Menghadapi bayi dengan kolestasis, yang pertama kali perlu disingkirkan adalah kemungkinan
atresia bilier. Insidens atresia bilier adalah 1: 10.000-15.000 kelahiran hidup. Salah satu factor
yang menentukan prognosis atresia bilier adalah usia saat operasi portoenterostomi dilakukan.
Bila operasi dilakukan sebelum usia 8 minggu angka bebas ikterus dapat mencapai 80%. Bila
dioperasi setelah usia 12 minggu angka bebas ikterus menurun menjadi sekitar 20% karena
umumnya sudah terjadi sirosis bilier yang irreversible.

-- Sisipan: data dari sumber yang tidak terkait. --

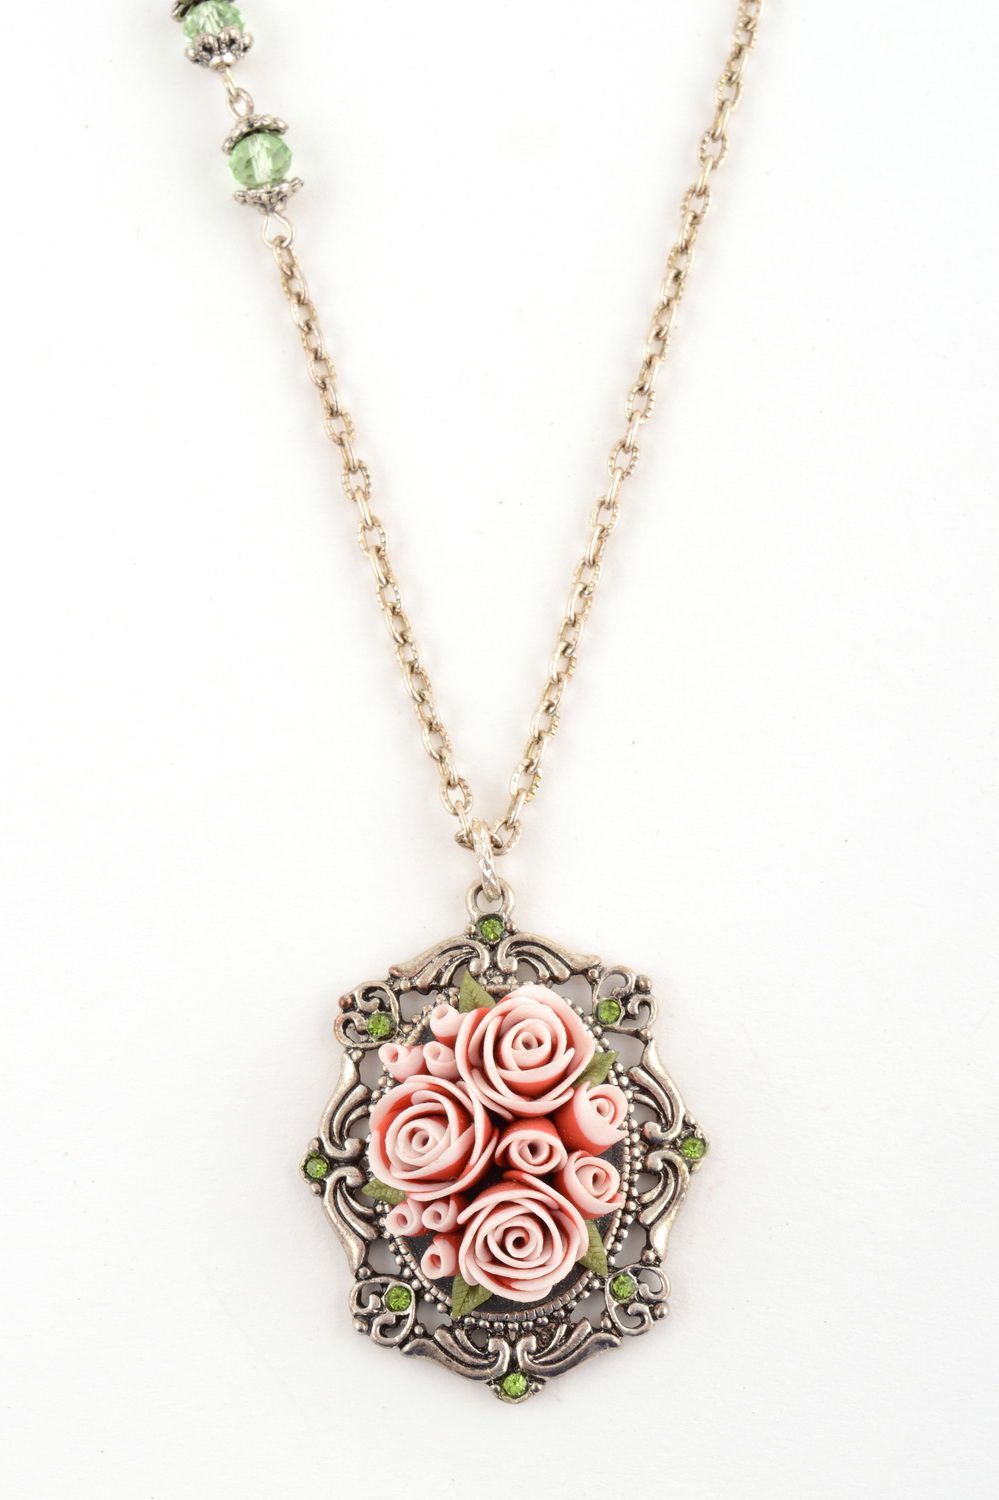 Handmade stylish pendant made of polymer clay on chain with volume roses photo 2

Ikterus yang melanjut lebih dari 14 hari atau ikterus yang disertai perubahan urin yang
menjadi lebih tua atau feses yang berwarna pucat atau dempul perlu pemeriksaan lebih lanjut dan
perlu disingkirkan kemungkinan kolestasis (hiperbilirubinemia terkonjugasi). Bila kolestasis,
perlu evaluasi lebih lanjut untuk mendeteksi atresia bilier sedini mungkin serta untuk mengetahui
etiologi lainnya.

Diagnosis ditegakkan berdasarkan gejala klinis berupa ikterus, warna urin yang kuning
gelap seperti teh , serta warna tinja yang pucat seperti dempul, dengan atau tanpa hepatomegali.

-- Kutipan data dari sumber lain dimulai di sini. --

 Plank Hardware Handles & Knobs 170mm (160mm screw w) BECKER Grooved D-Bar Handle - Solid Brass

Pada pemeriksaan laboratorium didapatkan peningkatan kadar bilirubin direk serum, bilirubin
urin (+), serta sterkobilin feses (-). Gambaran klinis dan laboratoris dapat secara kasar membantu
membedakannya, namun secara pasti dapat diketahui dengan pemeriksaan kolangiografi
intaoperatif. Perlu pemeriksaan lebih lanjut untuk menegakkan diagnosis etiologis.

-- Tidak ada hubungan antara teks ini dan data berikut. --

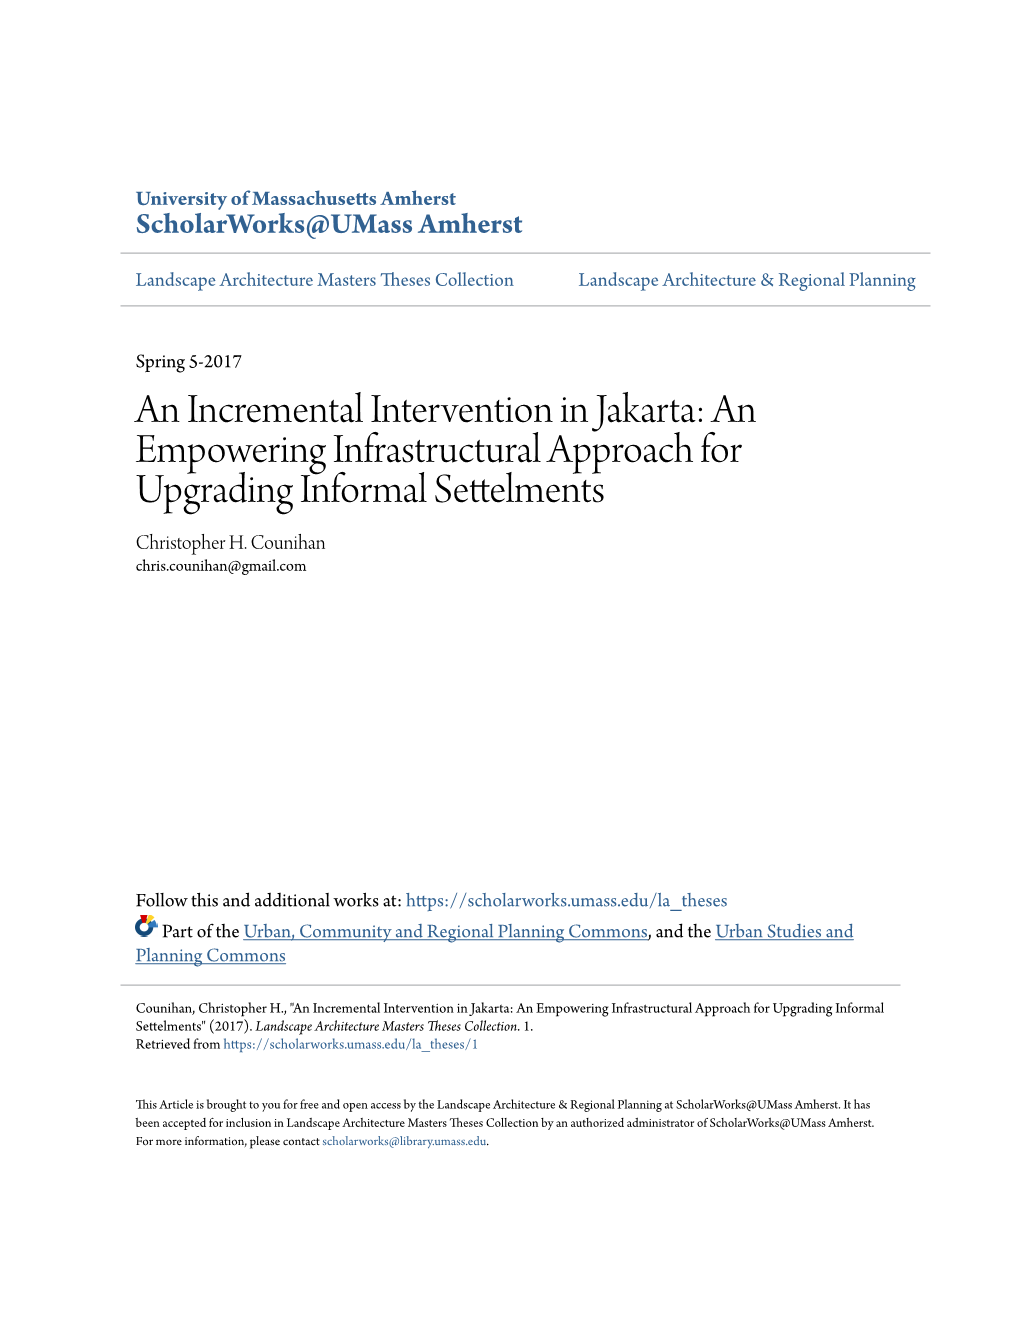 An Incremental Intervention in Jakarta: an Empowering Infrastructural Approach for Upgrading Informal Settelments Christopher H

Pengobatan kolestasis meliputi pengobatan suportif, medikamentosa, dan bedah. Terapi


bedah berupa portoenterostomi biasanya dilakukan pada kolestasis ekstrahepatal, misalnya
atresia bilier. Sedangkan terapi medikamentosa umumnya untuk kolestasis intrahepatik yang
dapat diketahui penyebabnya. Selain pemantauan keberhasilan terapi, penting juga untuk
memantau tumbuh kembang anak.
Prognosis tergantung deteksi dini dan penyebabnya, semakin dini ditemukan dan
dilakukan tatalaksana maka prognosisnya jauh lebih baik. Untuk kasus kolestasis secara umum
yang tidak menunjukkan perbaikan pada usia 1 bulan atau bayi telah berusia 1 bulan saat
pertama kali datang perlu dirujuk ke konsultan gastrohepatologi.